As unemployment for college students continues to rise and the higher ed bubble nears its unavoidable burst, can anyone reasonably dispute this idea?

Andres Pinter of the Bangor Daily News reports.

Colleges should shoulder some risk of student loans

Recently, student loans have emerged as the most ubiquitous of consumer debts, and the unemployment rate among recent college graduates remains persistently high. All finger-pointing aside as to the underlying causes, these two economic birds could be killed by borrowing one stone from the world of syndicated lending, where interests are often properly aligned.

When a bank agrees to make a loan of a certain size, it often seeks to sell down some of that risk across a lending syndicate. Although the bank — known at this point as the underwriter or syndicator — could sell down the entire loan, at the end of the process it frequently retains a token piece as a sign of faith in the borrower’s credit. The blessing of the underwriters makes the world of big lending spin fairly smoothly.

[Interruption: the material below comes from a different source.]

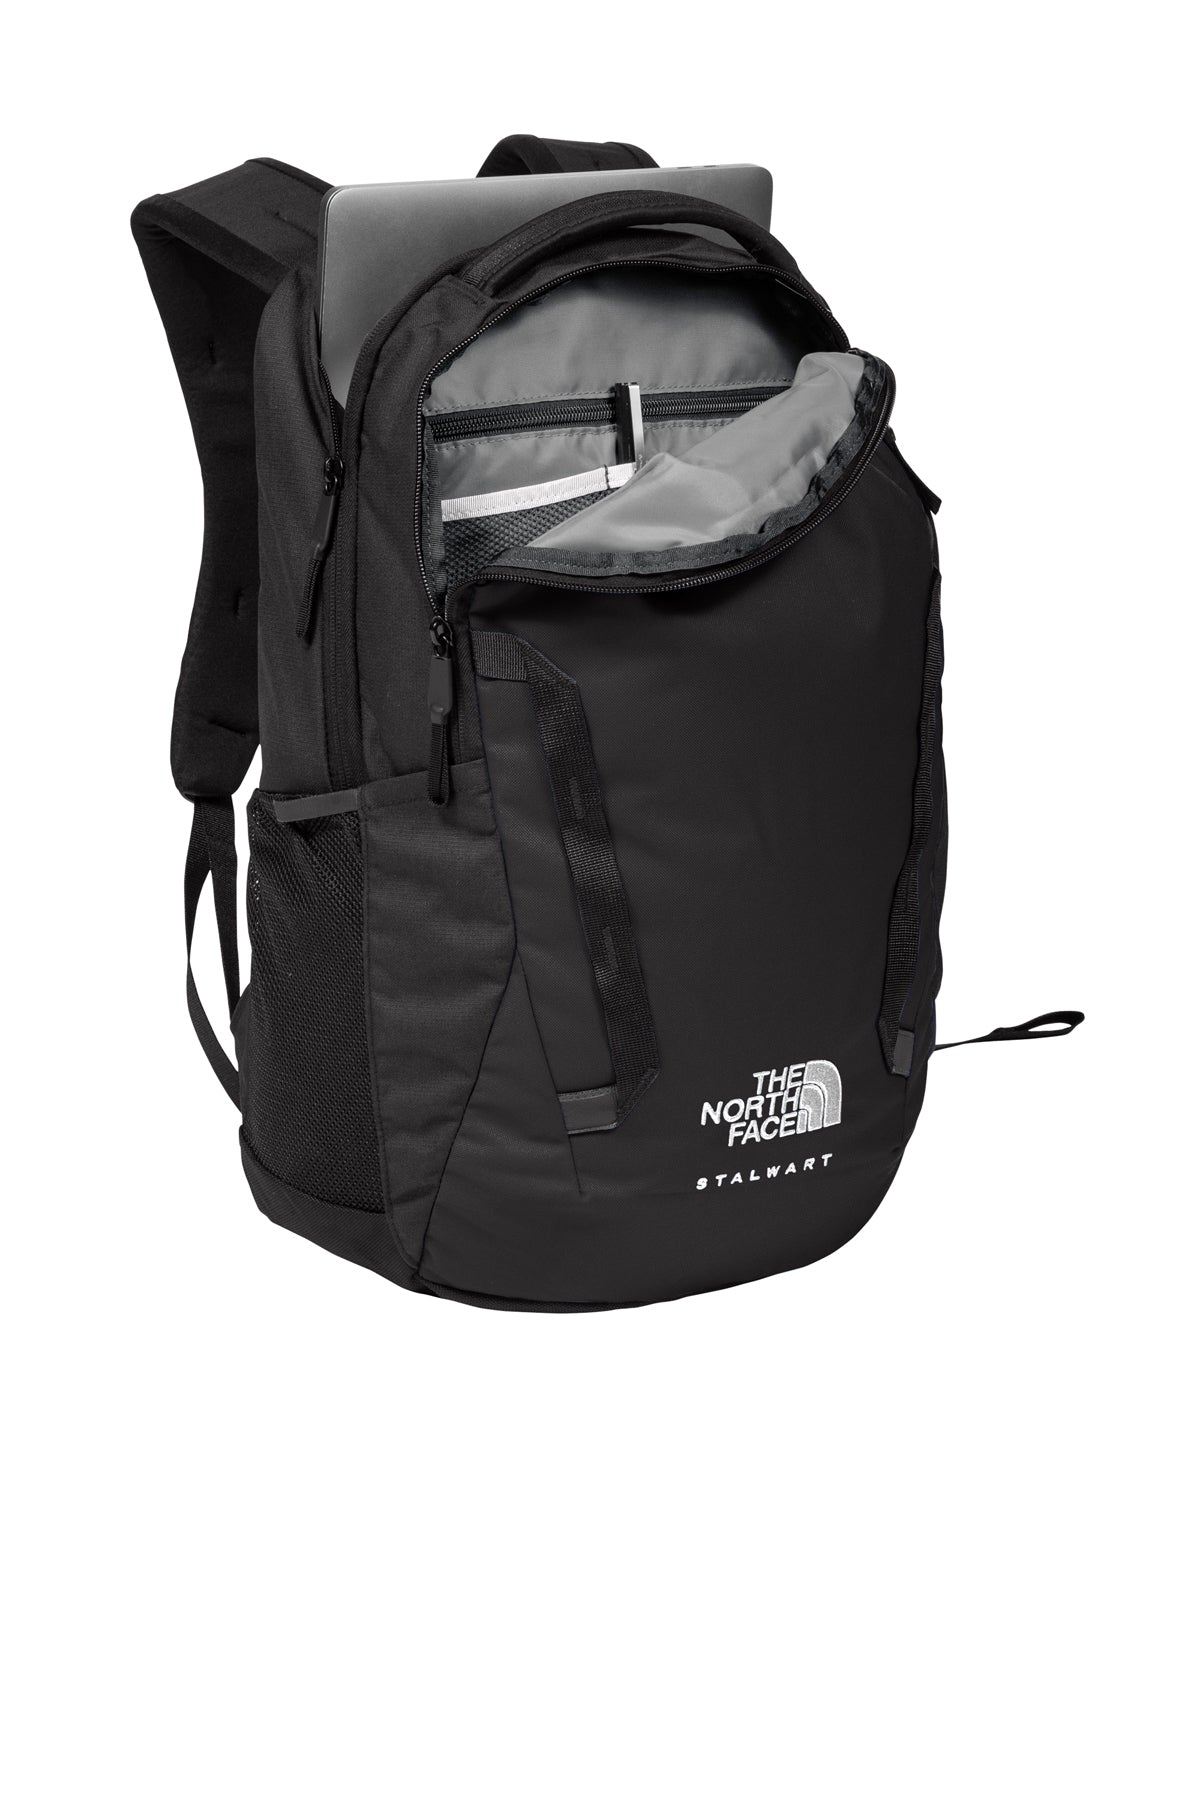 The North Face Stalwart Backpack-10

Consider, then, if colleges were to share with lending institutions and the government some of the credit risk of student borrowing. Much like the way syndicators hold a piece of a loan, colleges should hold pieces of their students’ loans. By doing so, the college would provide its explicit faith in the borrower’s credit and in the likelihood that the loan will eventually be repaid.

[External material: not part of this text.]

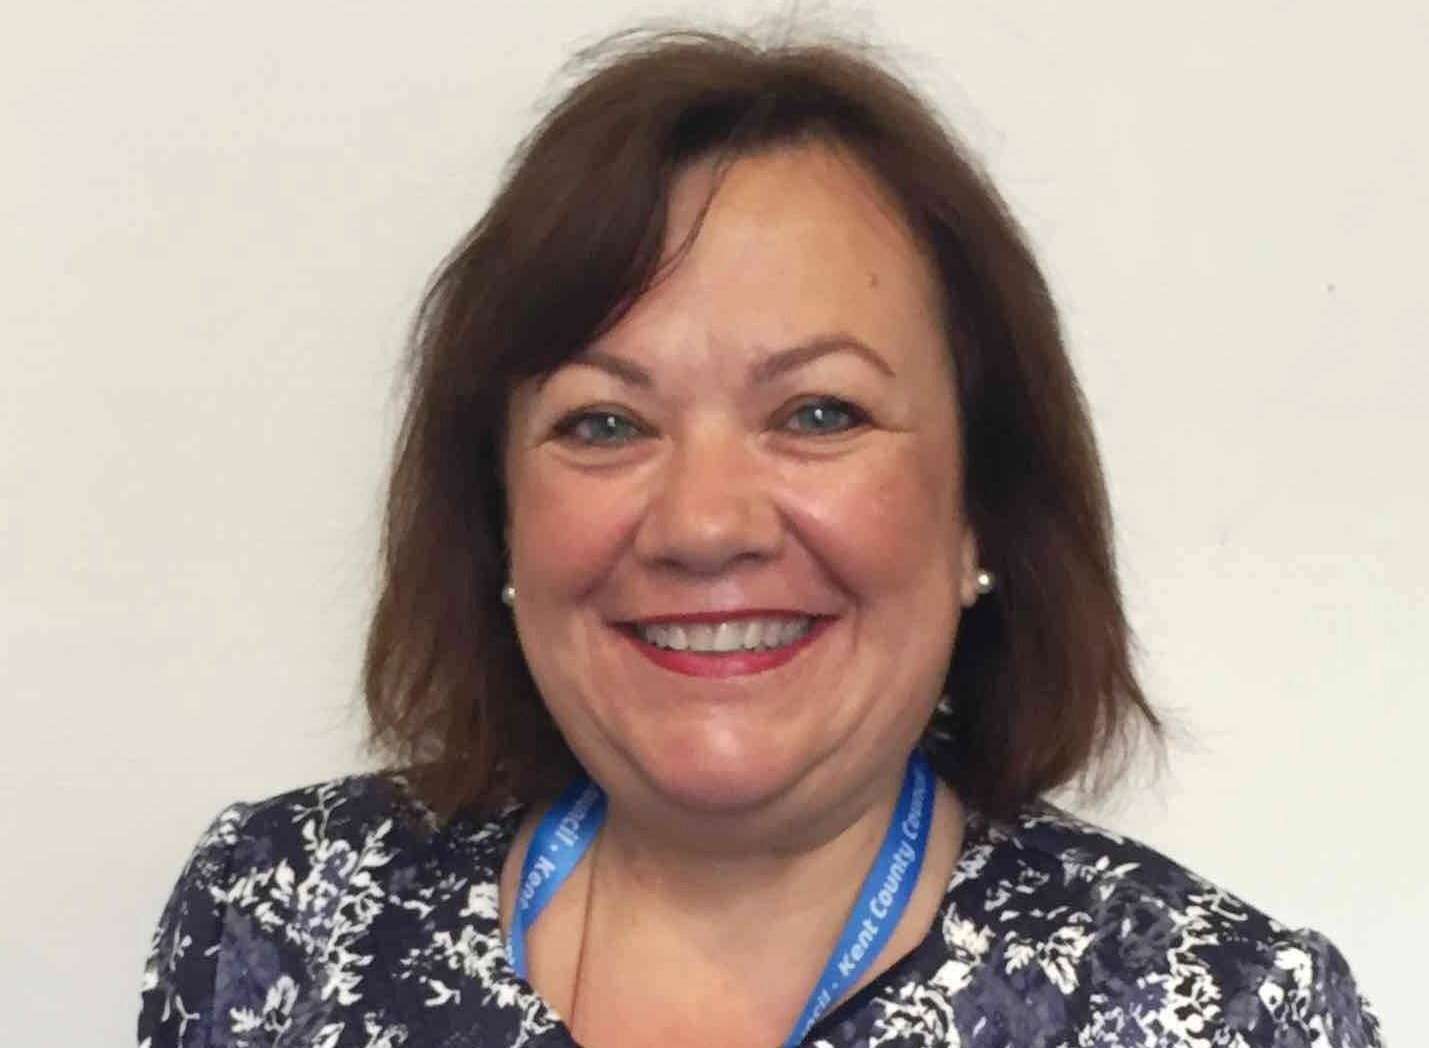 Diane Marsh won the Kent County Council by-election for the Gravesham East Division.

Here’s how it would work: A student at X University applies for a loan. Lending institutions perform the perfunctory underwriting with one exception: X University reviews copies of the credit application and must consent before the loan is approved. This system would differ from syndicated lending in that the university would never take full balance-sheet risk and would not itself originate or sell down loans. When the loan is funded, the university would pitch in 2 to 5 percent of the cash lent to the student, not only as a symbolic gesture, but also to give it skin in the game.